# Peach wood



## JLinza (Apr 24, 2021)

Does anyone know why Peach wood chunks are so hard to find?


----------



## TNJAKE (Apr 24, 2021)

Only a limited supply of peach trees in the world. Hence the high prices for peaches


----------



## PPG1 (Apr 24, 2021)

I know that the Peach Orchids here in SC. trim their trees tight every year so there is normally not alot of excess branches.  I tried going direct one year and was told they have a contract with a company for all the trimmings.  Don't know if that's the reason but it does seem to keep the supply low.


----------



## JLinza (Apr 24, 2021)

PPG1 said:


> I know that the Peach Orchids here in SC. trim their trees tight every year so there is normally not alot of excess branches.  I tried going direct one year and was told they have a contract with a company for all the trimmings.  Don't know if that's the reason but it does seem to keep the supply low.
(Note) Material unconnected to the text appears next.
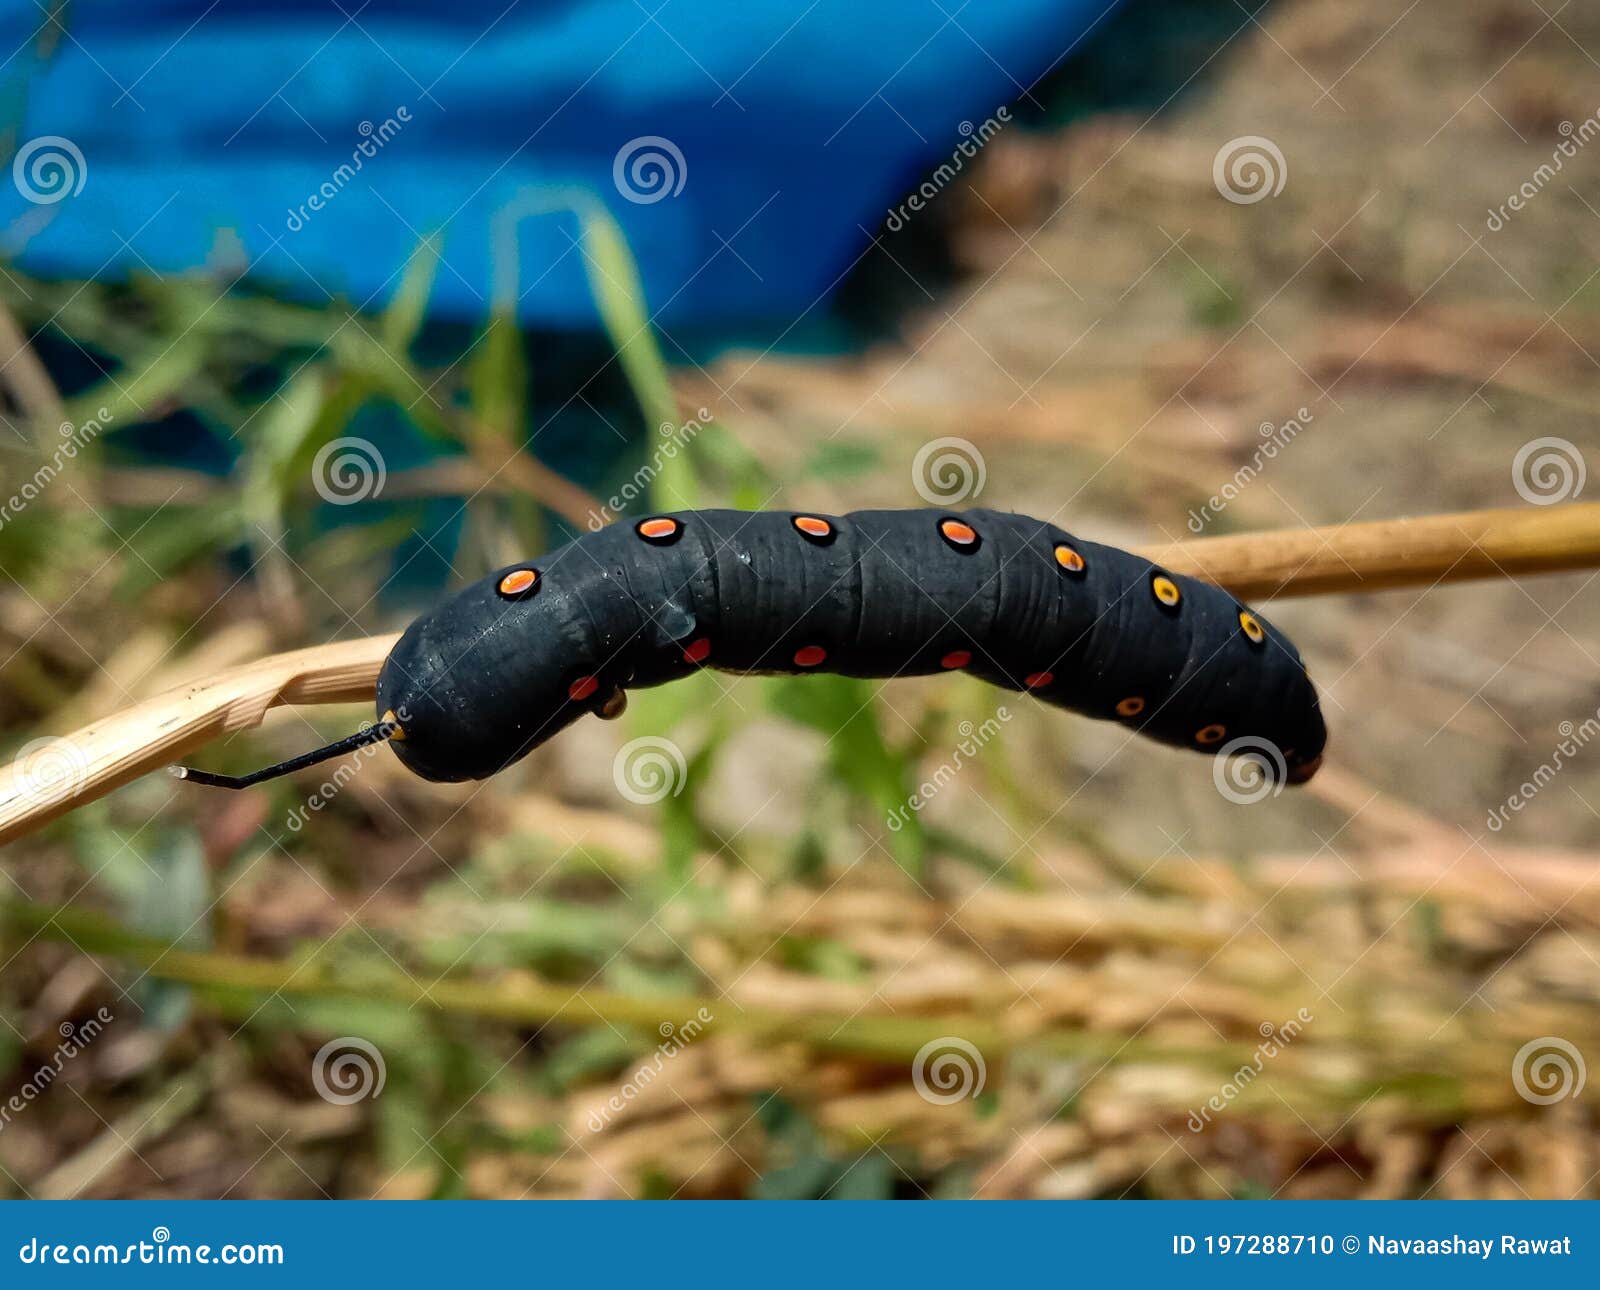 Unknown Smooth Black Hairless Caterpillar With Orange And Yellow Dots Stock Photo Image Of Climbing Native
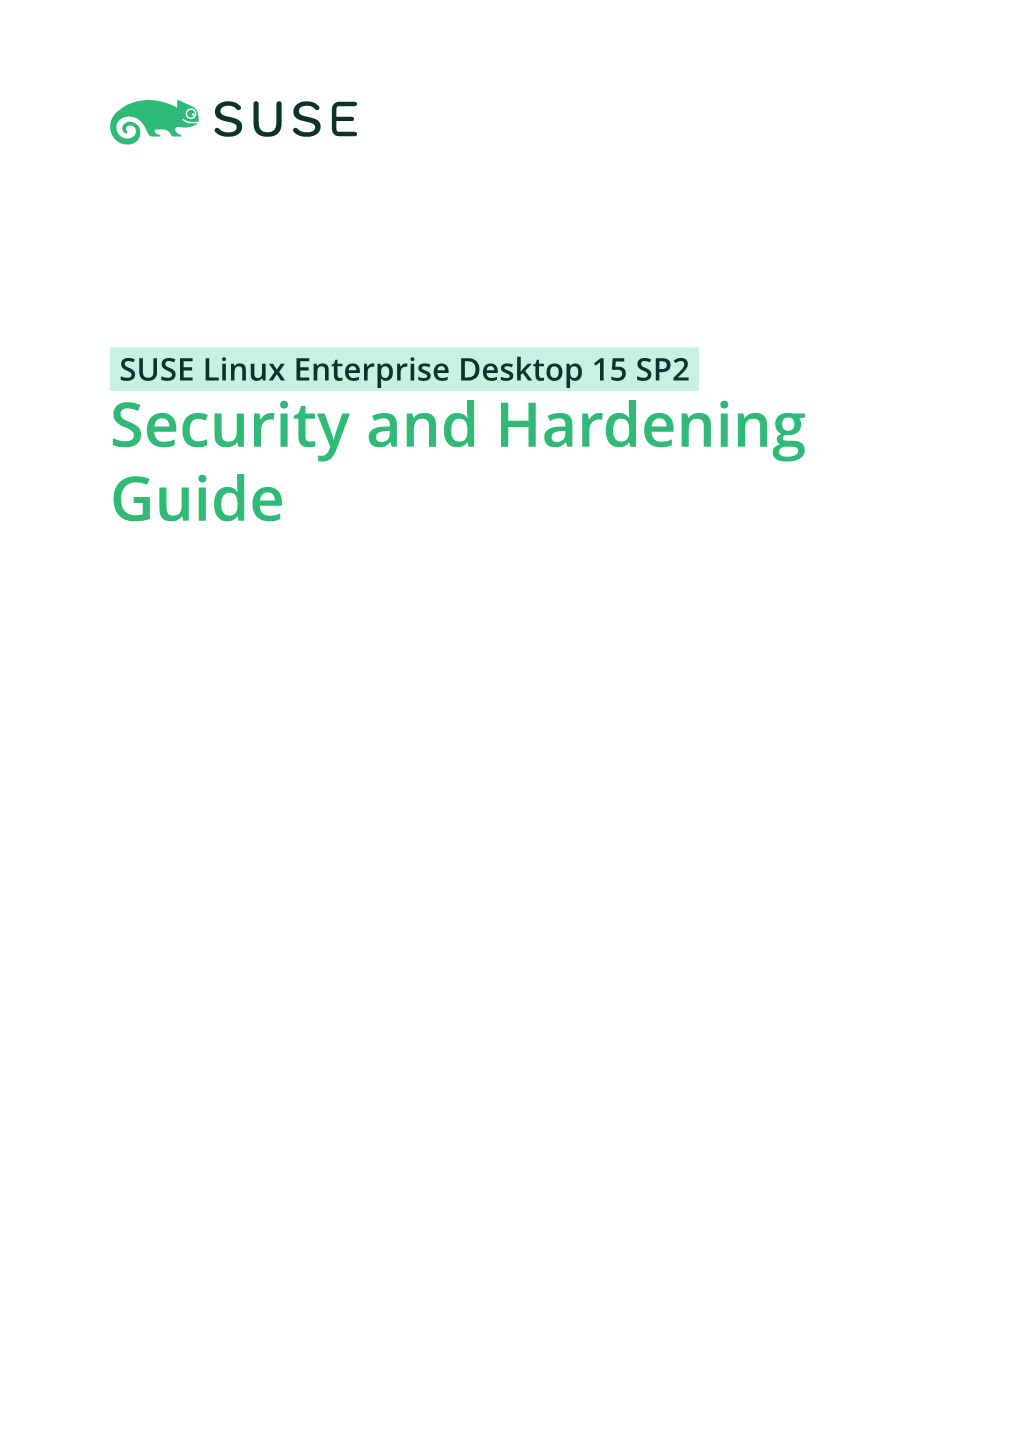 Security and Hardening Guide Security and Hardening Guide SUSE Linux Enterprise Desktop 15 SP2

I've found the chips before, but the chunks are hard to find for sure


----------



## 912smoker (Apr 24, 2021)

Peach "trees" are more like bushes down here. Limbs don't get very big in diameter due to pruning. Even hard to find in south Ga. I primarily use pecan or oak for everything, whether I'm buying chunks by the bag or by the tree


----------



## poacherjoe (Apr 25, 2021)

You need to come to Kommiefornia. Peach trees everywhere and they are taking a lot of orchards out to replace with almonds so the wood is in piles free for the taking. Just about every kind of fruit wood is easy to get here


----------



## NoCoPK360 (Apr 25, 2021)

Fruita Wood company has peach readily available. The Western Slope of Colorado where they are located is well known for producing some of the best peaches in the world. I was out there a few months ago and picked up some peach chunks. It tastes great, but the smell is even better.


----------



## Berettaclayshooter (Apr 25, 2021)

I have a great idea.. PM  me, you'll like my offer!


----------



## JLinza (Apr 25, 2021)

NoCoPK360 said:


> Fruita Wood company has peach readily available. The Western Slope of Colorado where they are located is well known for producing some of the best peaches in the world. I was out there a few months ago and picked up some peach chunks. It tastes great, but the smell is even better.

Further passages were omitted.